Exercise aim - The task for the listing below is to write out exactly the lines starting at the one containing "Asia people woman" and ending at the one containing "An 18k white", both included. Pictures are to be omitted.

Records for this exercise -
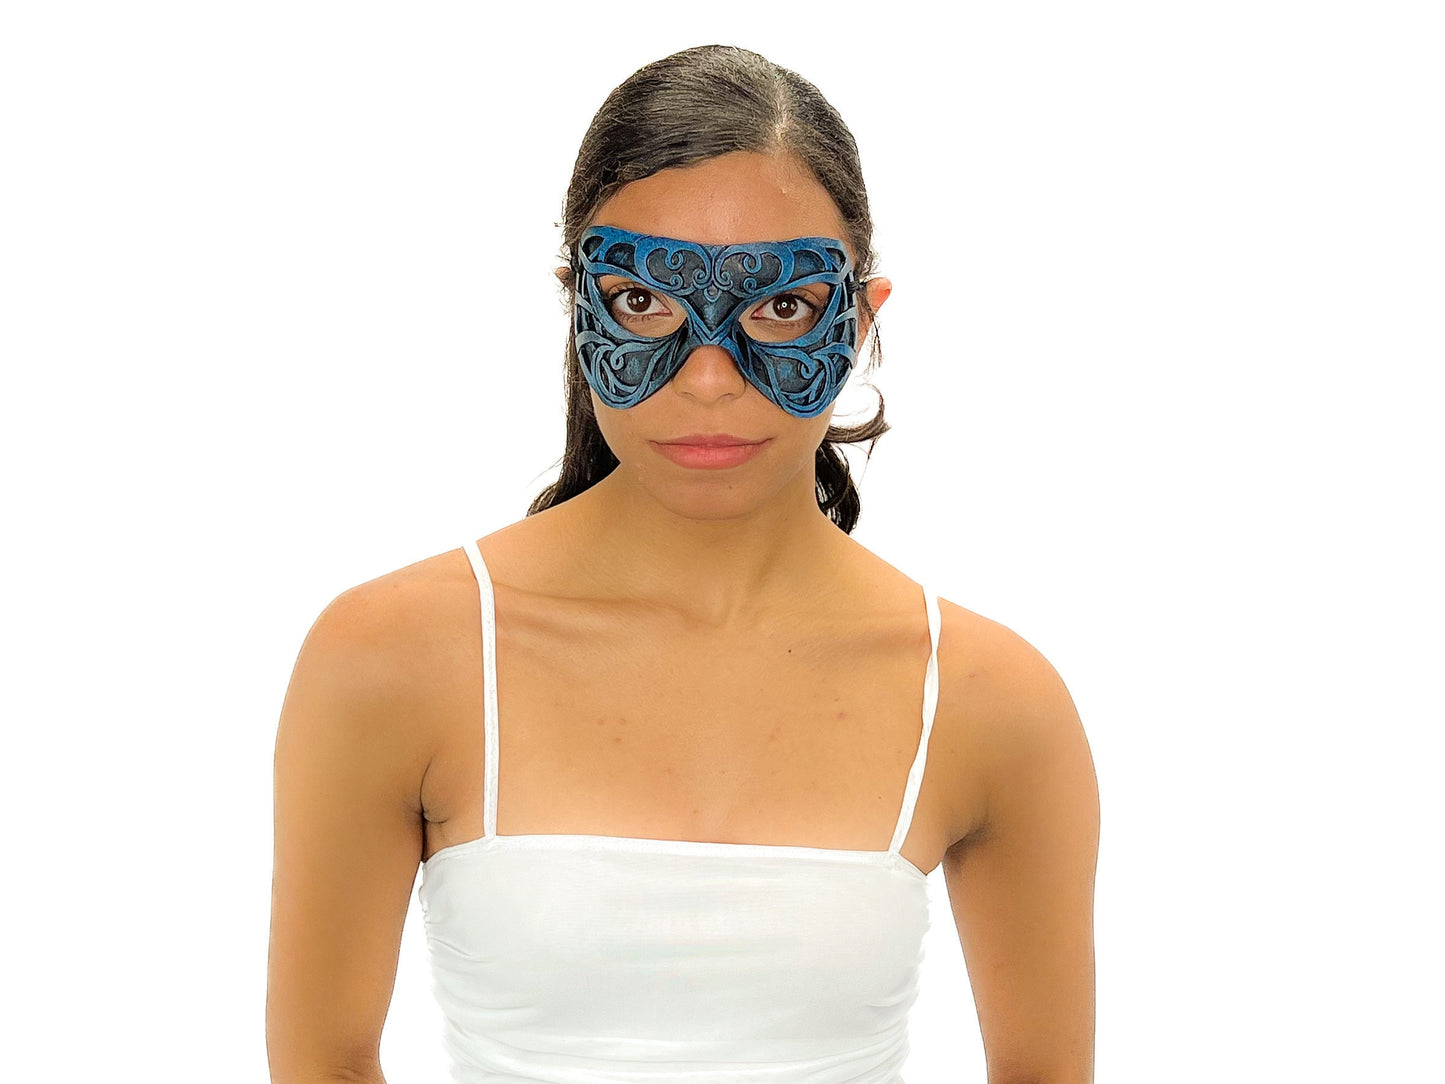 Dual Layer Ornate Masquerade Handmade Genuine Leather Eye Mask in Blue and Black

* * *

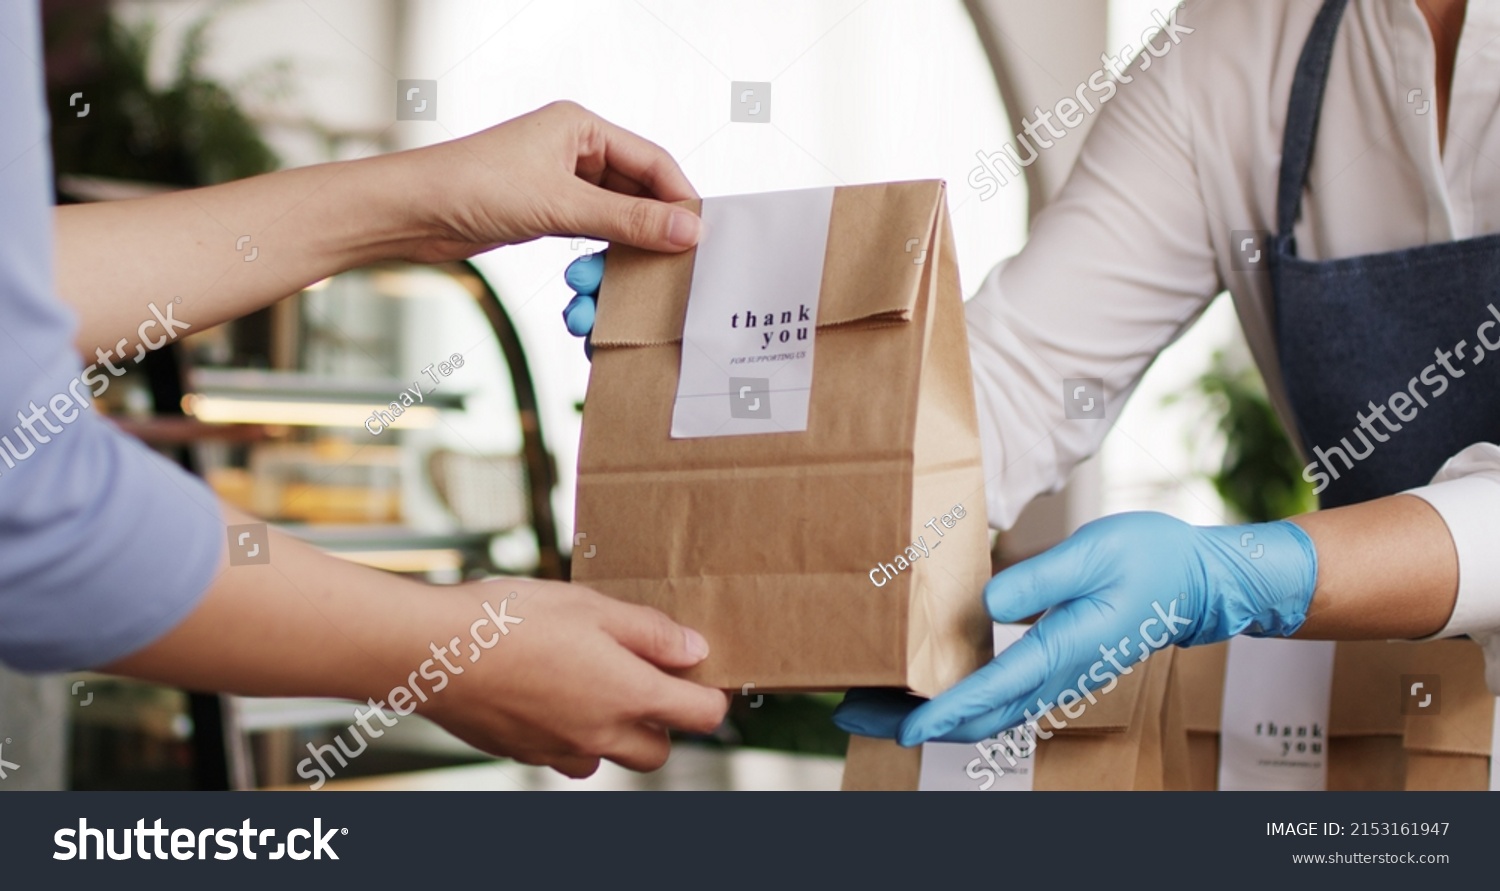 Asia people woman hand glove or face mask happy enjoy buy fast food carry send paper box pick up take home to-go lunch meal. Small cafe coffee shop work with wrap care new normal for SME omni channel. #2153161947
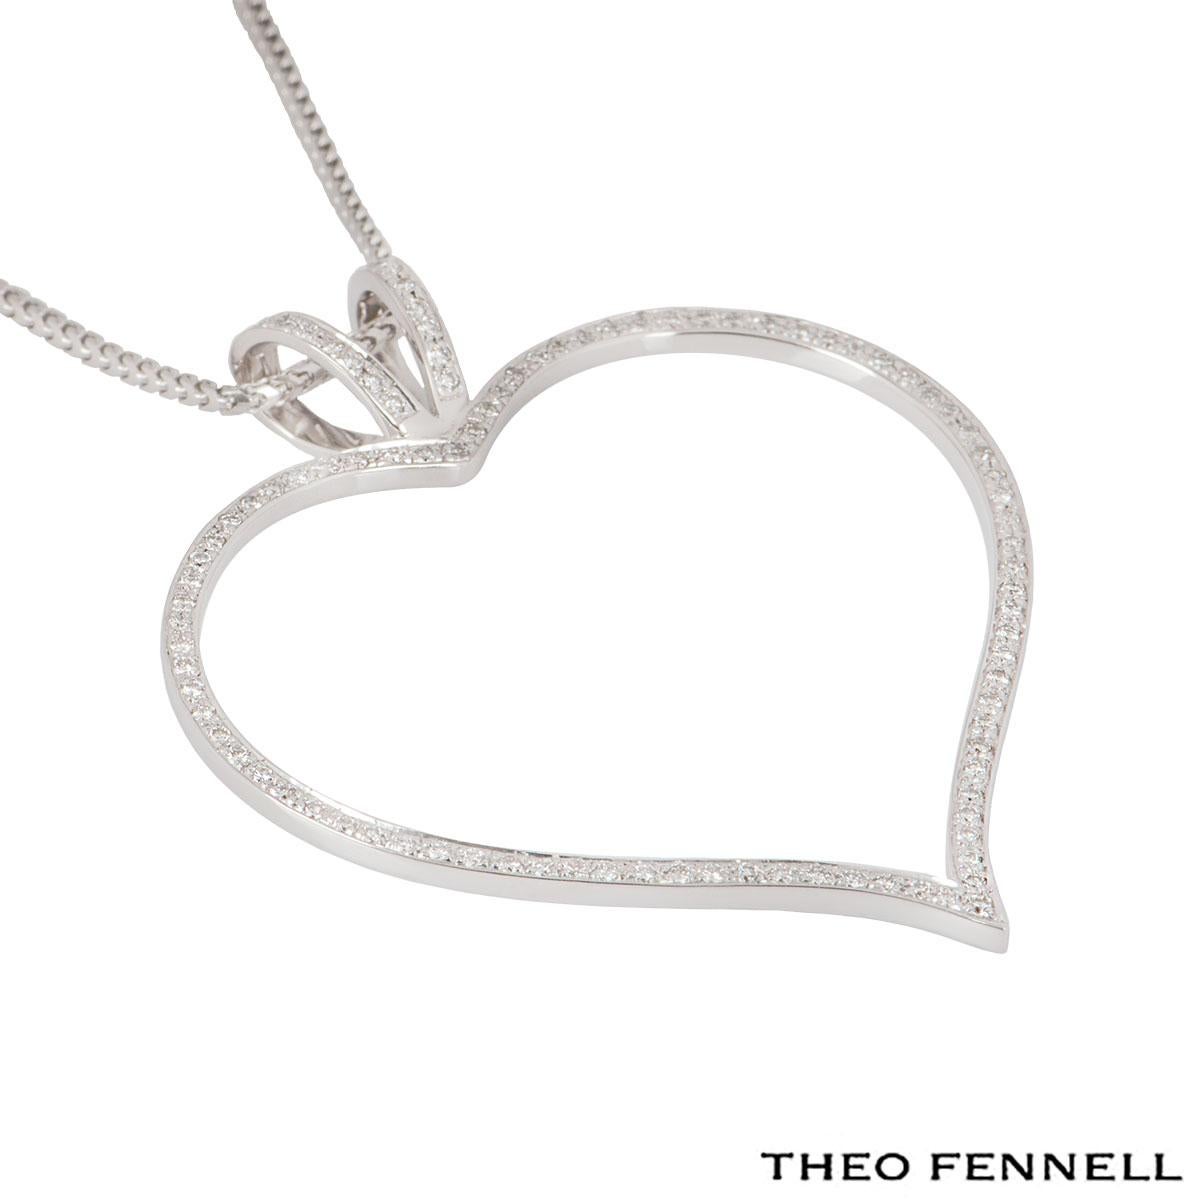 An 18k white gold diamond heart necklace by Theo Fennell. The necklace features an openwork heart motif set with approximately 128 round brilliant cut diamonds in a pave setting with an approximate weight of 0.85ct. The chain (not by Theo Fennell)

Response below -
 Asia people woman hand glove or face mask happy enjoy buy fast food carry send paper box pick up take home to-go lunch meal. Small cafe coffee shop work with wrap care new normal for SME omni channel. #2153161947
 An 18k white gold diamond heart necklace by Theo Fennell. The necklace features an openwork heart motif set with approximately 128 round brilliant cut diamonds in a pave setting with an approximate weight of 0.85ct. The chain (not by Theo Fennell)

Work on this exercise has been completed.